• _Exercise instructions_:
Within the entries below, output exactly the lines between the line containing "фото Чехол для" and the line containing "Gazdasági Bizottság GB.74/2013.(III.06.", inclusive, and omit any picture.

• _Extracted records_:
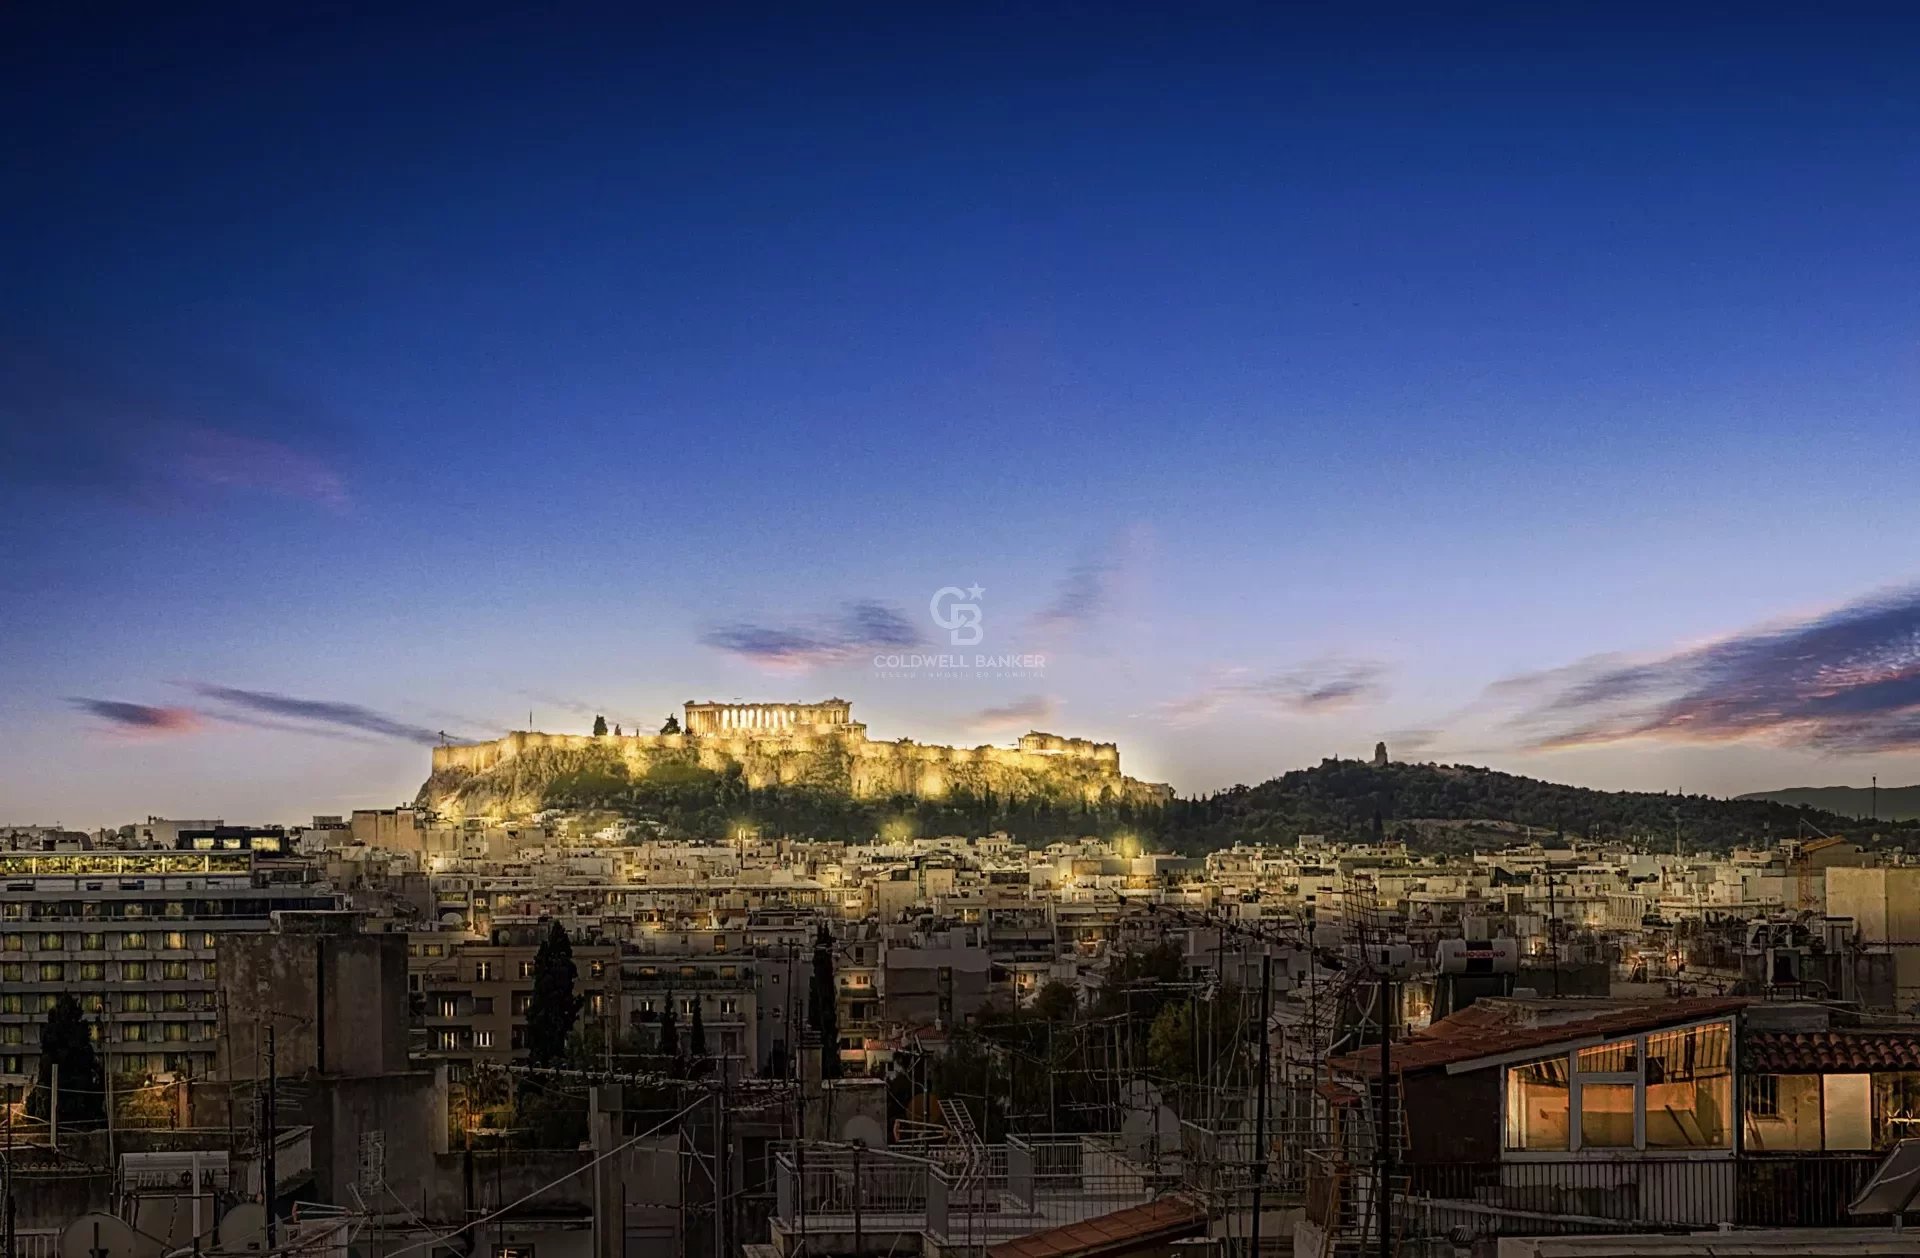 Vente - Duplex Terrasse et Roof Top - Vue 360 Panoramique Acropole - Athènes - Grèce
---
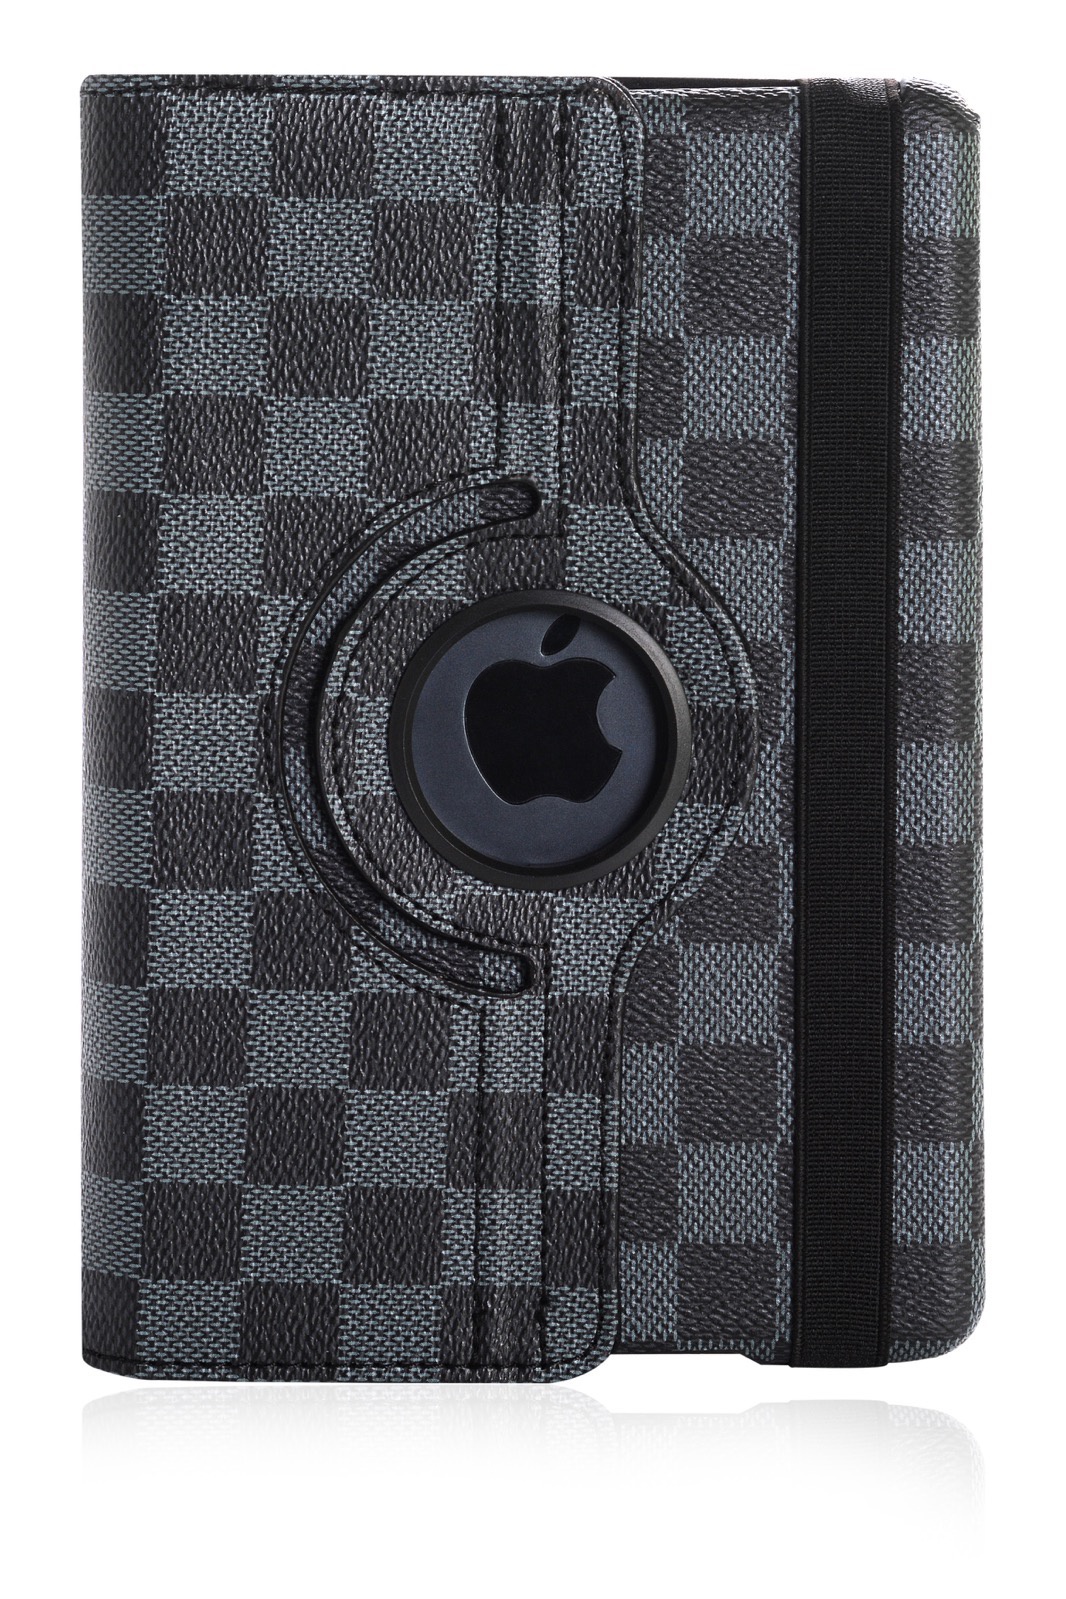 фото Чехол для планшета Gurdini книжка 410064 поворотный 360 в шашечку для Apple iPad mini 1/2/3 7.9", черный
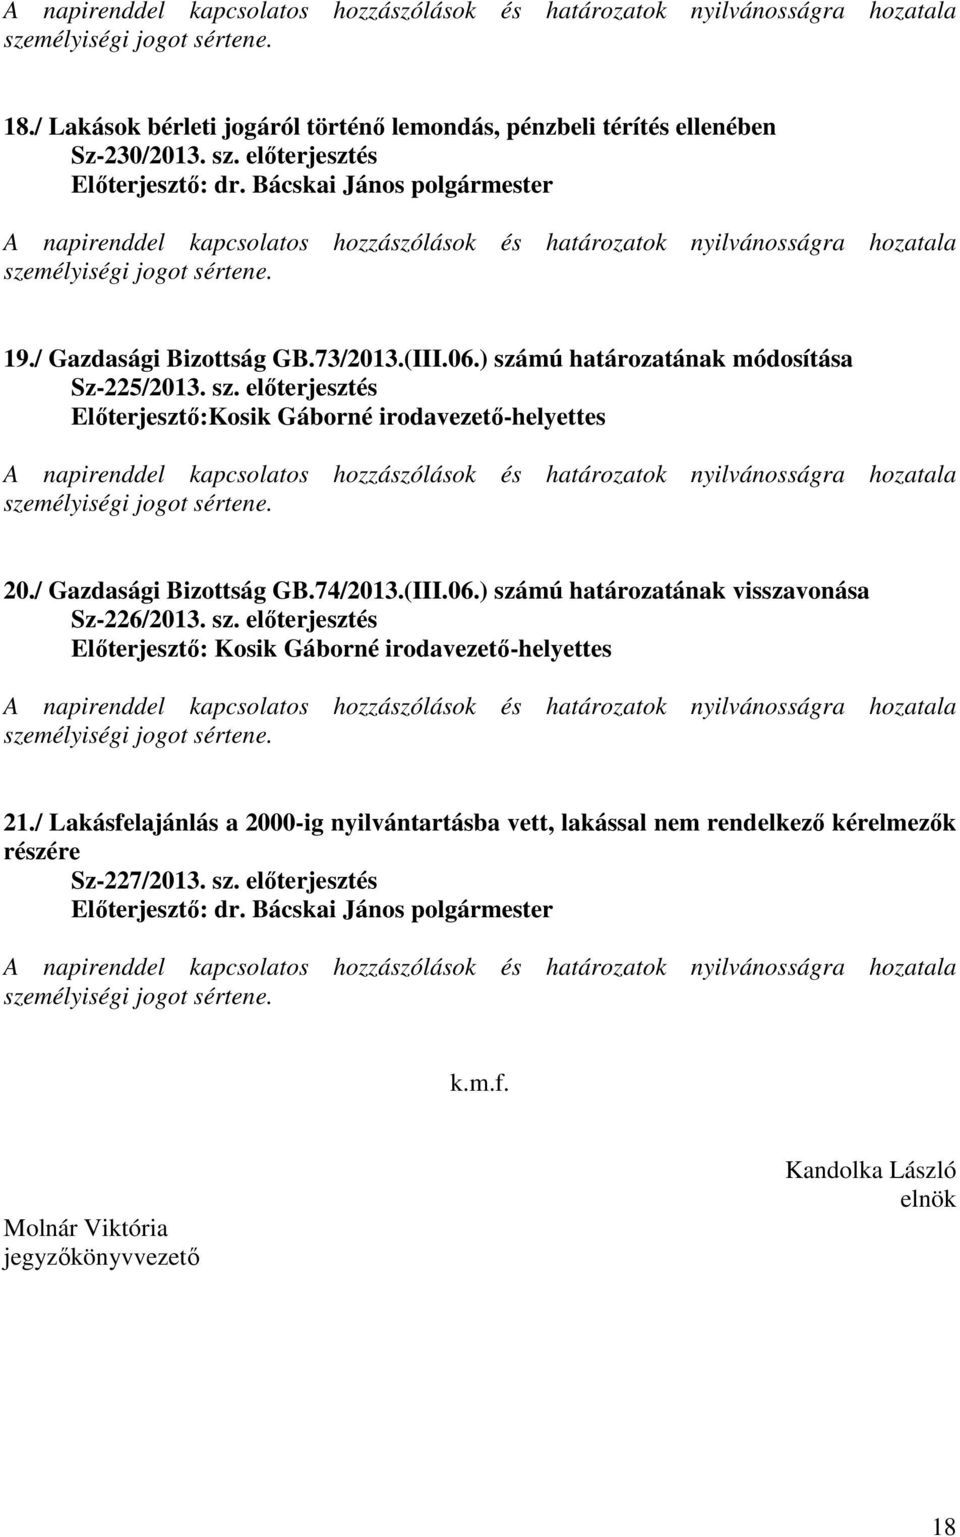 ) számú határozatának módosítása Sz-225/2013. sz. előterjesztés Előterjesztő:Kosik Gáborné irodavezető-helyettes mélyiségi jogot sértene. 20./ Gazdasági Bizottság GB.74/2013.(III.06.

• _Output for this task_:
 фото Чехол для планшета Gurdini книжка 410064 поворотный 360 в шашечку для Apple iPad mini 1/2/3 7.9", черный
 ) számú határozatának módosítása Sz-225/2013. sz. előterjesztés Előterjesztő:Kosik Gáborné irodavezető-helyettes mélyiségi jogot sértene. 20./ Gazdasági Bizottság GB.74/2013.(III.06.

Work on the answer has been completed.